Loss vs. reward in reinforcement learning

Reinforcement learning is my area of focus so far when it comes to deep learning. RL is probably is not the first stop for most on the machine learning education circuit, but it just happens to be where the problem I am trying to solve has taken me.

When starting down the RL road, I was immediately confused by the concept of reward. Nothing was confusing about what it was – giving a dog a treat when it sits after you’ve asked it to sums things up pretty well. Instead, I was confused by its relation to the loss function. Both, at a high level, help inform when the correct thing is happening.

RL primer

Skip this if you’re already familiar with RL.

If you’re unfamiliar with reinforcement learning – things work a bit different from standard deep learning. There are similar concepts, but the terminology and applications have shifted somewhat. The purpose is to train an agent (think robot) to navigate an environment (play a game, or more generally, accomplish a task).

Neural networks are still present in RL, but they are applied differently, and, in my experience so far, the emphasis is less on the NN and more on the environment. For example, there is a high-level wrapper library for RL, stable-baselines, which can handle all of the NN setups for you.

There is no dataset in machine learning. Instead, you have an environment. To properly train your agent, you need to create a custom environment for your agent to interact. A standard template exists for creating custom environments. You need to describe the environment state, the agent’s allowed actions, and the reward for said actions.

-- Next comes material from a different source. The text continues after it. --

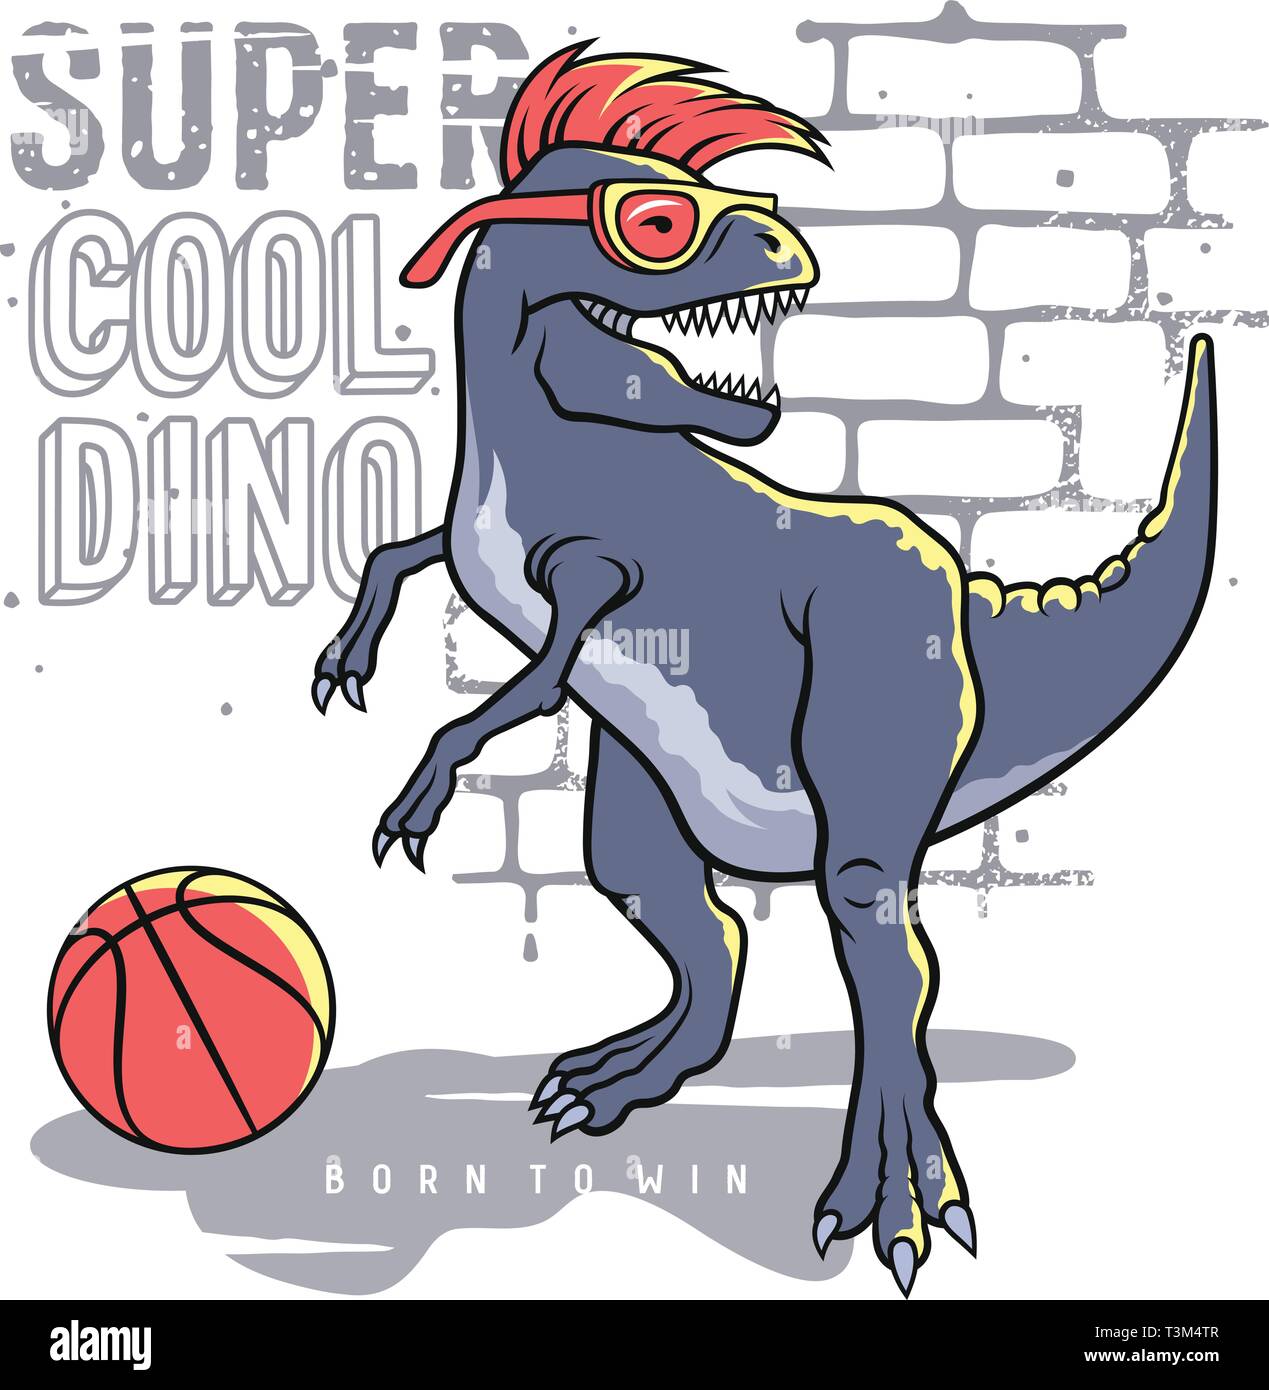 Dinosaur and slogan typography for t shirt design. Tyrannosaur Rex playing basketball on the background of brick wall. Athletic graphic tee. Vectors Stock Vector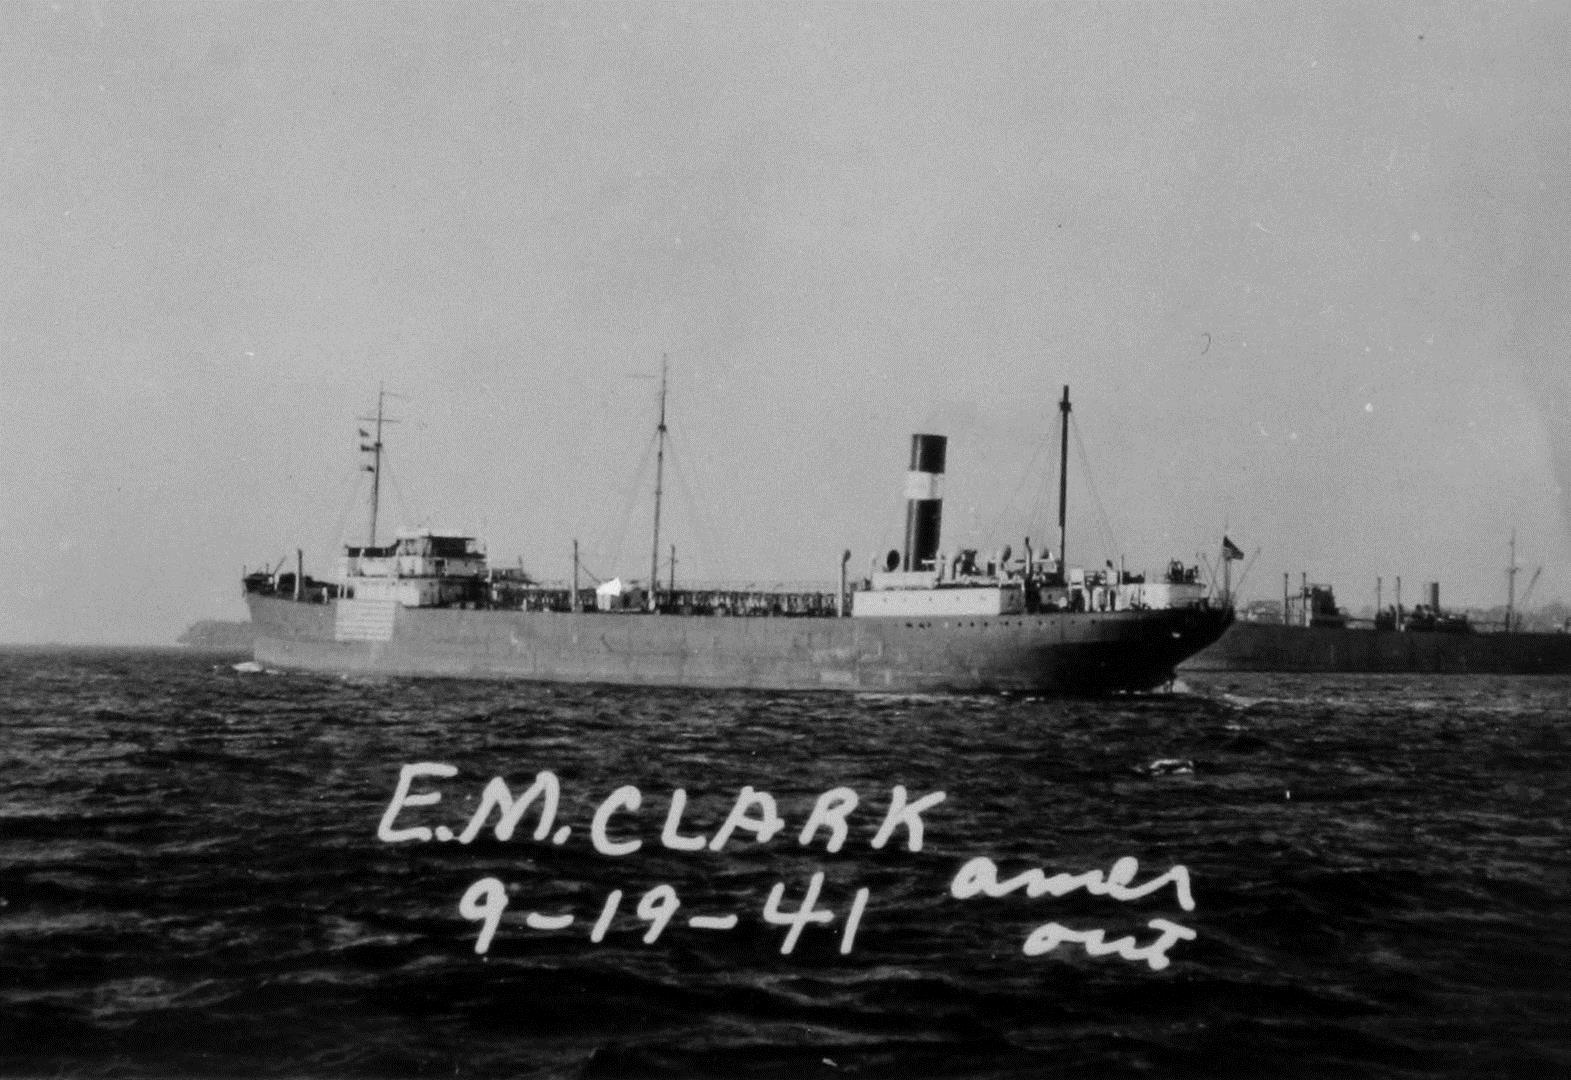 E.M. Clark, location unknown, dated September 19, 1941

5 Things You Need to Know about Reinforcement Learning - KDnuggets

Whereas the goal of other types of ML is to minimize loss, the agent in RL is determined to maximize its reward. It will seek out ways to get the highest score possible.

That’s all for now!

Swinging blind and striking out

I jumped straight in, deciding not to get caught up too early by the nuances of reward vs. loss and see how far I could get with reward only. The answer? Not very!

My experiments focused mainly on rewarding the agent when closer to the desired goal than in the previous state. I played around with many different additional ideas surrounding this core concept.

I realized a potential flaw in my strategies in that my reward scheme was not predictable enough. I couldn’t tell what the accumulated score meant. This idea came from the concept that the agent will seek to maximize its score. Therefore, it should be somewhat absolute and predictable.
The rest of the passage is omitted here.